WHAT NEEDS TO BE DONE | What is wanted is an exact copy of all the entries.

☆ ☆ ☆ ☆

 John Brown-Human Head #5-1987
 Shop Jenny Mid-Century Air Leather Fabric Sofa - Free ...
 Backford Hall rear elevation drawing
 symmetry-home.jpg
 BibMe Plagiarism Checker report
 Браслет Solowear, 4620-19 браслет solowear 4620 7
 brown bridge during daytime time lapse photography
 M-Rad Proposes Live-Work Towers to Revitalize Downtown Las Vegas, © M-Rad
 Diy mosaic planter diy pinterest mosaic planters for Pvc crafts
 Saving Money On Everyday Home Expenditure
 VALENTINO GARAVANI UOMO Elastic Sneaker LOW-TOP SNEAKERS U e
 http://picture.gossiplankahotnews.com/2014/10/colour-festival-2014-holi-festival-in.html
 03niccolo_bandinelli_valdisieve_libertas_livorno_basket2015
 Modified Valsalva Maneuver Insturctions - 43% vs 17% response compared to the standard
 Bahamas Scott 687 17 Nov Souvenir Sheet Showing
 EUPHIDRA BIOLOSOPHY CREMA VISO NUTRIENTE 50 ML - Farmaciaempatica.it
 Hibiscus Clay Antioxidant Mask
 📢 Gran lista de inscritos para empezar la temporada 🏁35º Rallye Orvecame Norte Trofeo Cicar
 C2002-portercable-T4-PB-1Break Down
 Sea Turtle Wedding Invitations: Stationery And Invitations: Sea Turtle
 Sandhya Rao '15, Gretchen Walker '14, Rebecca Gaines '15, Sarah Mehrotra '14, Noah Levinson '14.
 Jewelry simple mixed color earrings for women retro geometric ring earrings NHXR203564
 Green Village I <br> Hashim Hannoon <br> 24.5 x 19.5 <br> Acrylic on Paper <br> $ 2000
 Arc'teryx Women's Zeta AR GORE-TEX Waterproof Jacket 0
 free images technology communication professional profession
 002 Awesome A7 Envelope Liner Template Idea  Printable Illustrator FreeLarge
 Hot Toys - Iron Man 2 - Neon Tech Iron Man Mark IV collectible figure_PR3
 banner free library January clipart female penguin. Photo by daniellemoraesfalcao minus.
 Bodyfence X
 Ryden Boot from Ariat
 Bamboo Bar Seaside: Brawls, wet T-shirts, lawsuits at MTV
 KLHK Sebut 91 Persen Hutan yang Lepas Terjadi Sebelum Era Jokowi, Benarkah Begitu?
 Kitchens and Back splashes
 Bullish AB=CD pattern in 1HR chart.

☆ ☆ ☆ ☆

ANSWER SECTION |
 John Brown-Human Head #5-1987
 Shop Jenny Mid-Century Air Leather Fabric Sofa - Free ...
 Backford Hall rear elevation drawing
 symmetry-home.jpg
 BibMe Plagiarism Checker report
 Браслет Solowear, 4620-19 браслет solowear 4620 7
 brown bridge during daytime time lapse photography
 M-Rad Proposes Live-Work Towers to Revitalize Downtown Las Vegas, © M-Rad
 Diy mosaic planter diy pinterest mosaic planters for Pvc crafts
 Saving Money On Everyday Home Expenditure
 VALENTINO GARAVANI UOMO Elastic Sneaker LOW-TOP SNEAKERS U e
 http://picture.gossiplankahotnews.com/2014/10/colour-festival-2014-holi-festival-in.html
 03niccolo_bandinelli_valdisieve_libertas_livorno_basket2015
 Modified Valsalva Maneuver Insturctions - 43% vs 17% response compared to the standard
 Bahamas Scott 687 17 Nov Souvenir Sheet Showing
 EUPHIDRA BIOLOSOPHY CREMA VISO NUTRIENTE 50 ML - Farmaciaempatica.it
 Hibiscus Clay Antioxidant Mask
 📢 Gran lista de inscritos para empezar la temporada 🏁35º Rallye Orvecame Norte Trofeo Cicar
 C2002-portercable-T4-PB-1Break Down
 Sea Turtle Wedding Invitations: Stationery And Invitations: Sea Turtle
 Sandhya Rao '15, Gretchen Walker '14, Rebecca Gaines '15, Sarah Mehrotra '14, Noah Levinson '14.
 Jewelry simple mixed color earrings for women retro geometric ring earrings NHXR203564
 Green Village I <br> Hashim Hannoon <br> 24.5 x 19.5 <br> Acrylic on Paper <br> $ 2000
 Arc'teryx Women's Zeta AR GORE-TEX Waterproof Jacket 0
 free images technology communication professional profession
 002 Awesome A7 Envelope Liner Template Idea  Printable Illustrator FreeLarge
 Hot Toys - Iron Man 2 - Neon Tech Iron Man Mark IV collectible figure_PR3
 banner free library January clipart female penguin. Photo by daniellemoraesfalcao minus.
 Bodyfence X
 Ryden Boot from Ariat
 Bamboo Bar Seaside: Brawls, wet T-shirts, lawsuits at MTV
 KLHK Sebut 91 Persen Hutan yang Lepas Terjadi Sebelum Era Jokowi, Benarkah Begitu?
 Kitchens and Back splashes
 Bullish AB=CD pattern in 1HR chart.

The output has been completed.